_What needs to be done_
Below are the records; give again exactly the lines from the one containing "a person scubas" through the one containing "Kẹo dẻo Unimat Riken bổ sung DHA - 42g", leaving out pictures.

*** Listed records Section Begins ***

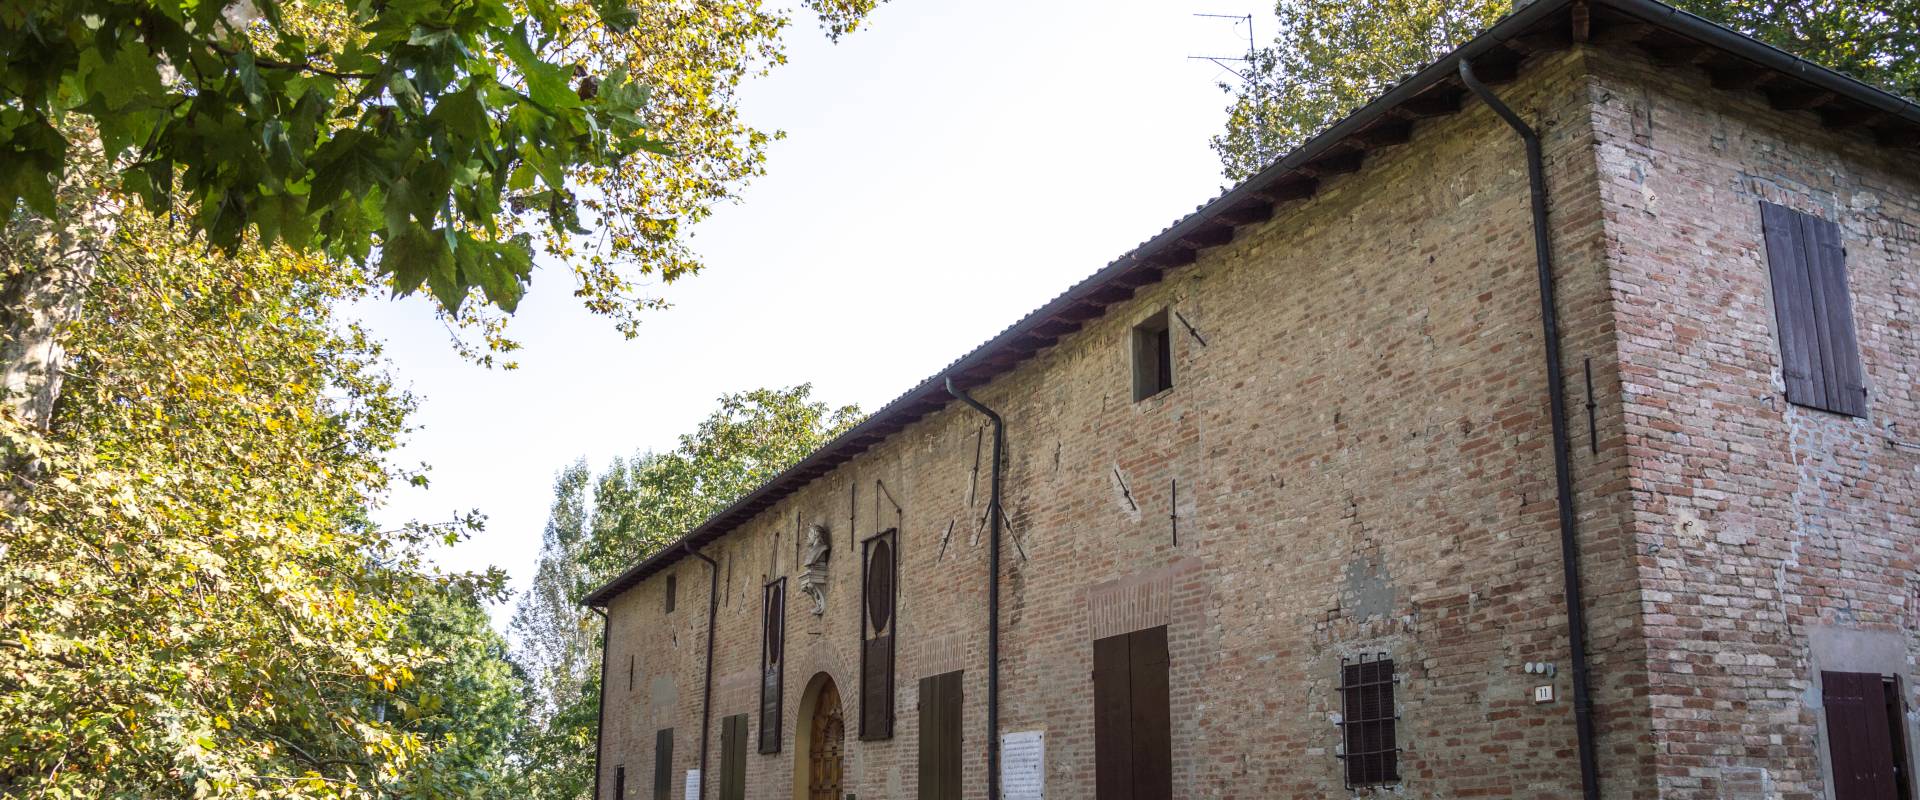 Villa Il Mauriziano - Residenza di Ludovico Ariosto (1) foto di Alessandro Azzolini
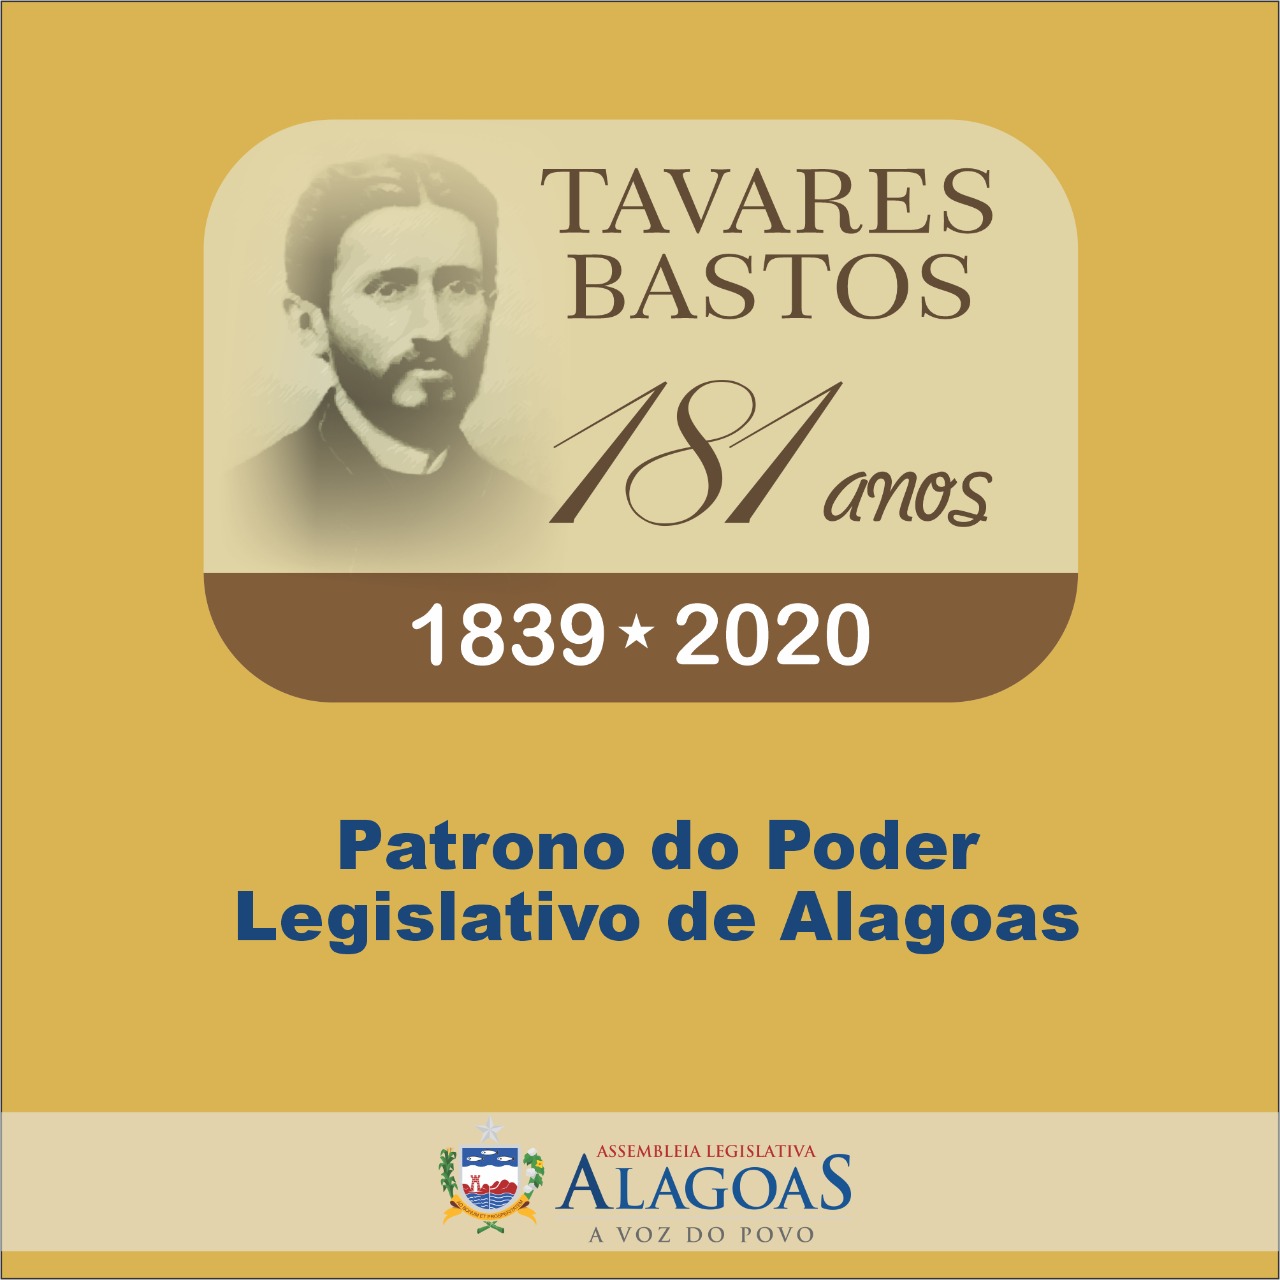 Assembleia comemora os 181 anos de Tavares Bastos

*** Listed records Section Ends ***
*** Listed records Section Begins ***

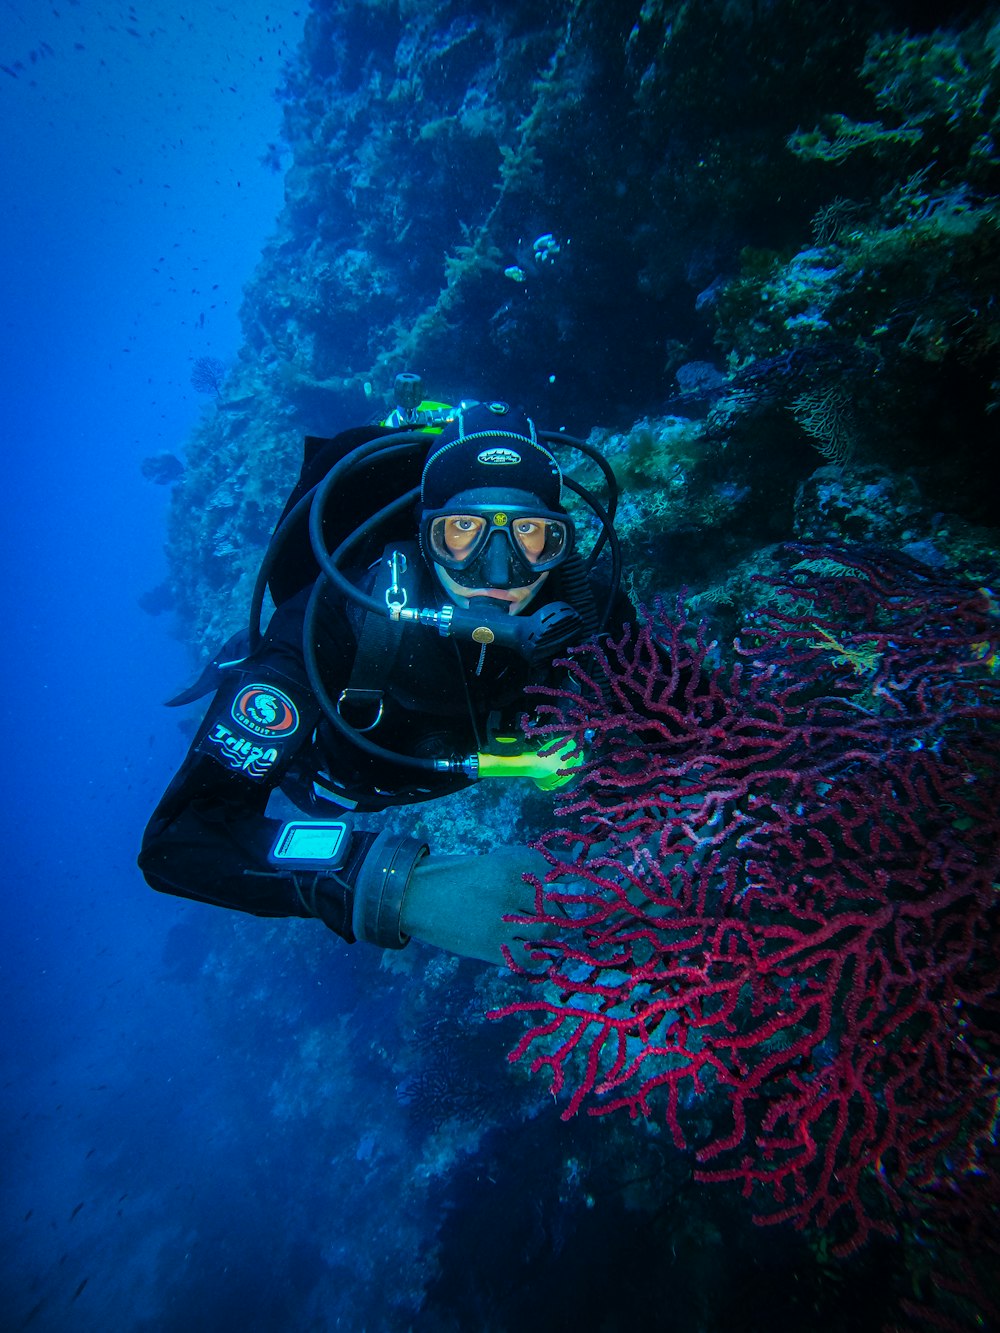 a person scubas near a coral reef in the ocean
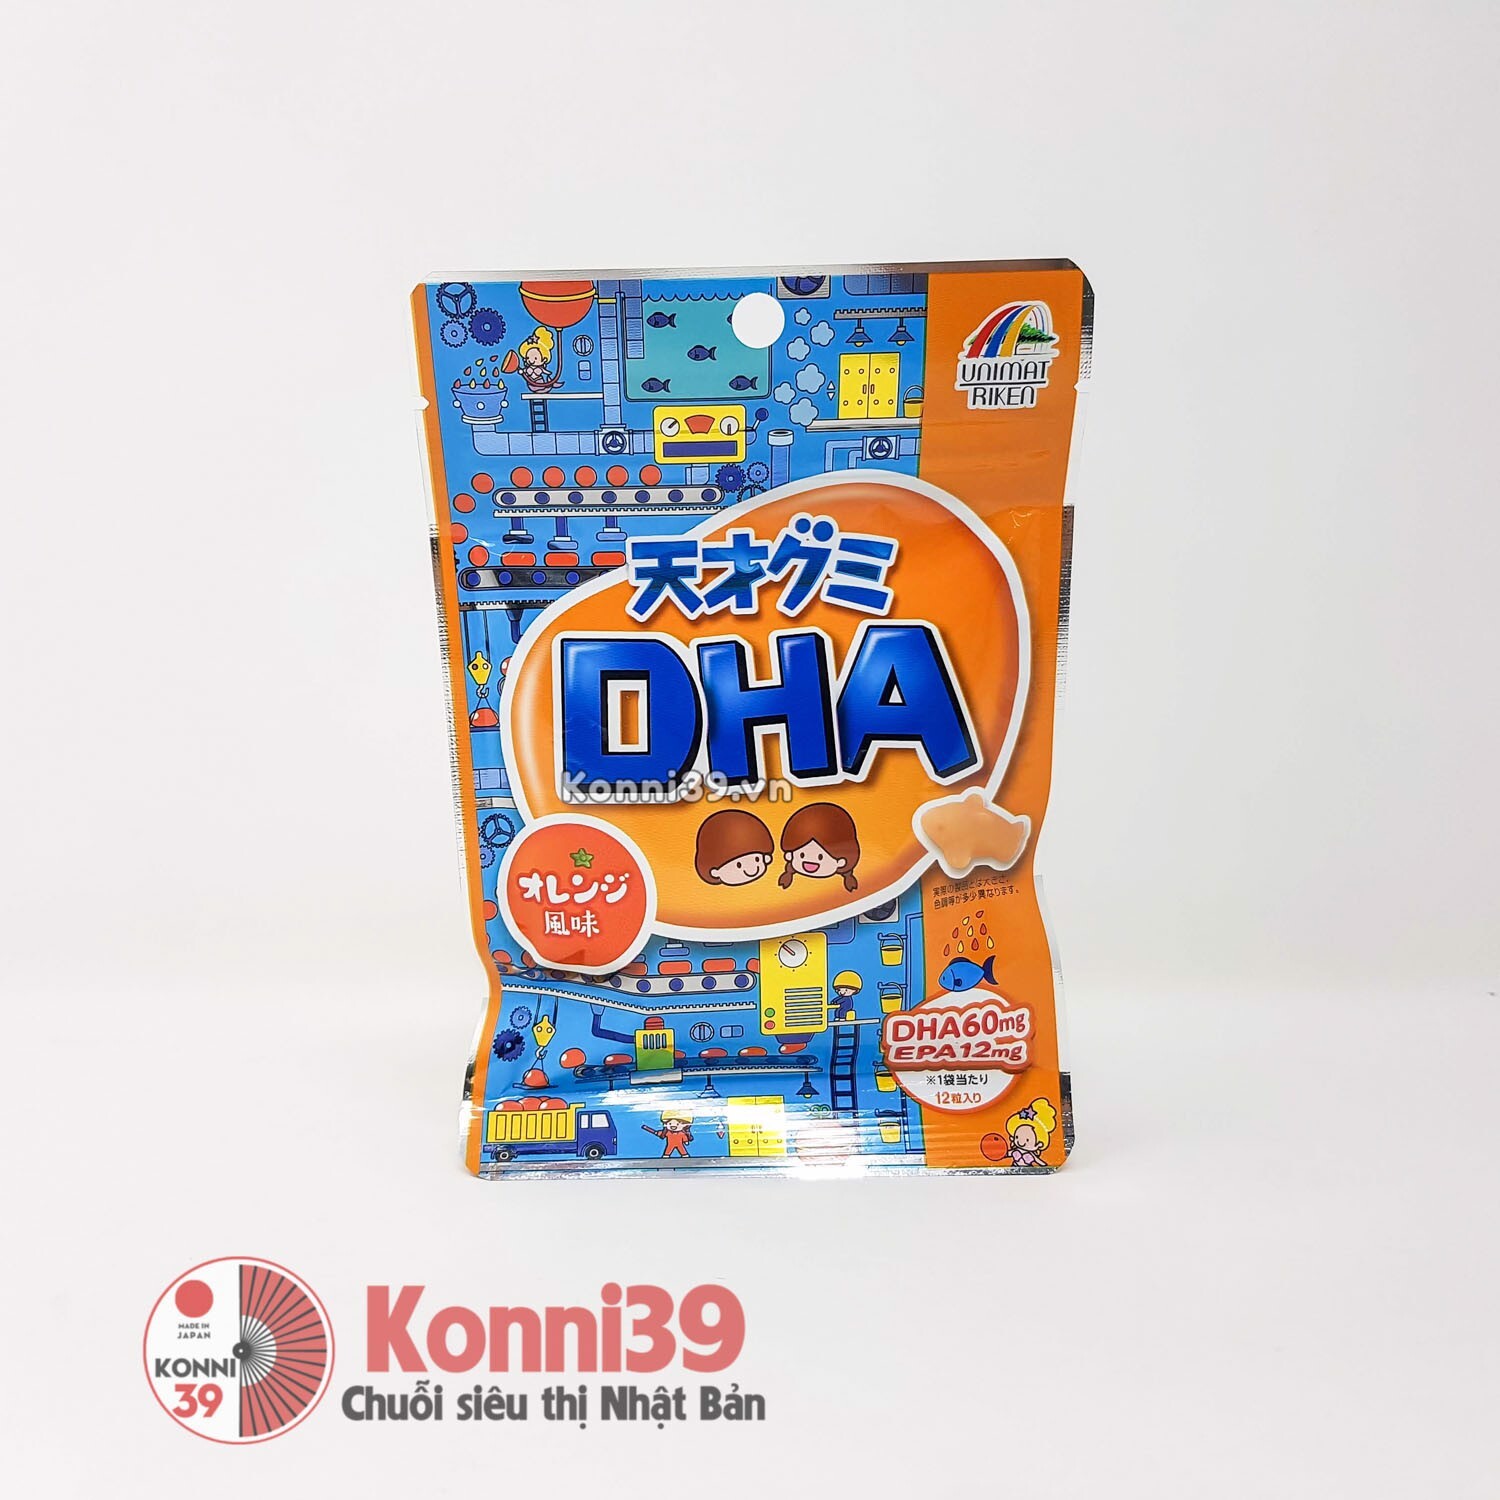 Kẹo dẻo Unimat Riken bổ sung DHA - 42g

*** Listed records Section Ends ***
*** Listed records Section Begins ***

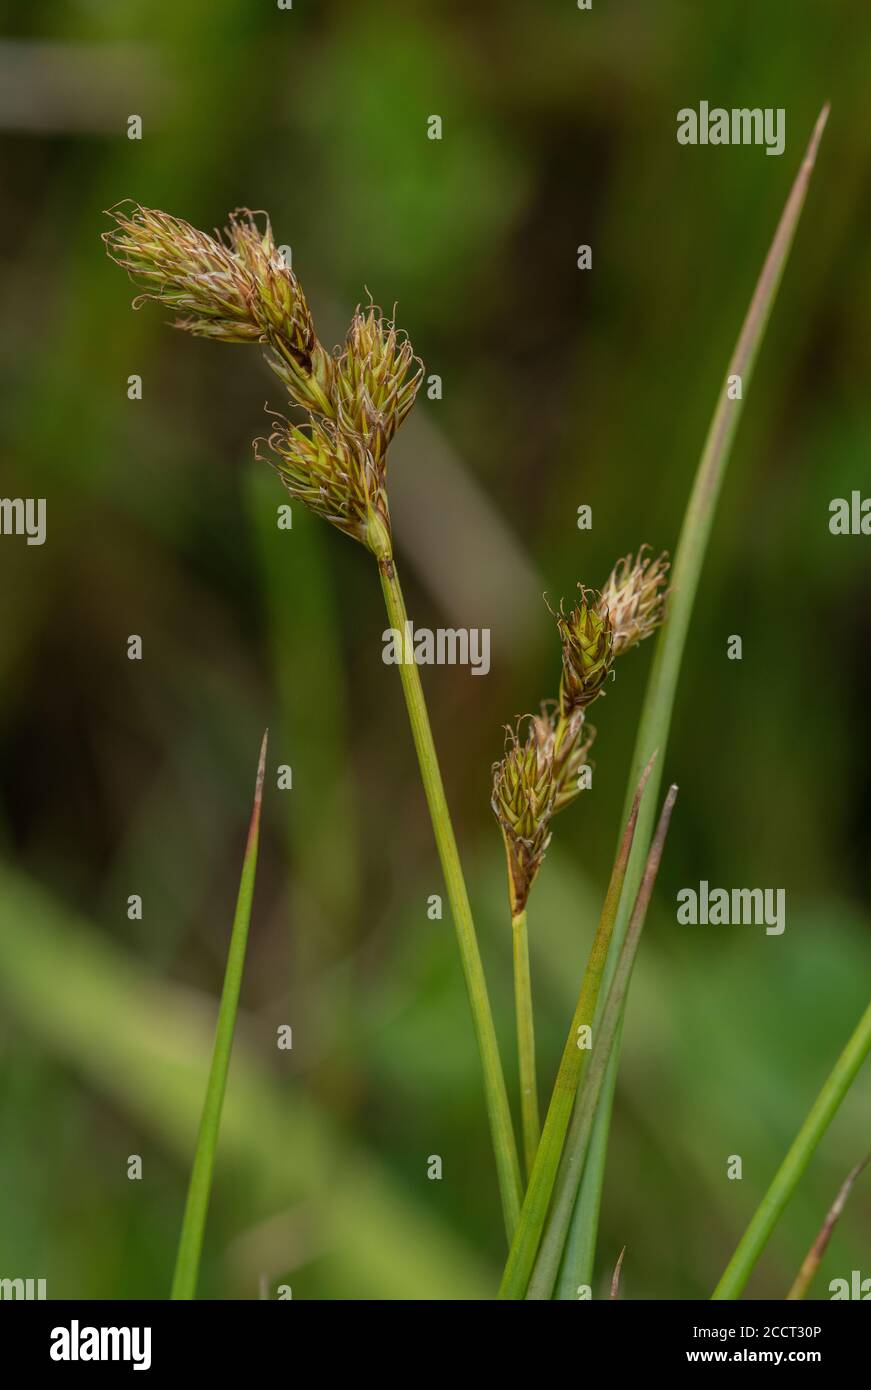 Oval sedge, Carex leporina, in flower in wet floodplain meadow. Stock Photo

*** Listed records Section Ends ***

_Finished task_
 a person scubas near a coral reef in the ocean
 Kẹo dẻo Unimat Riken bổ sung DHA - 42g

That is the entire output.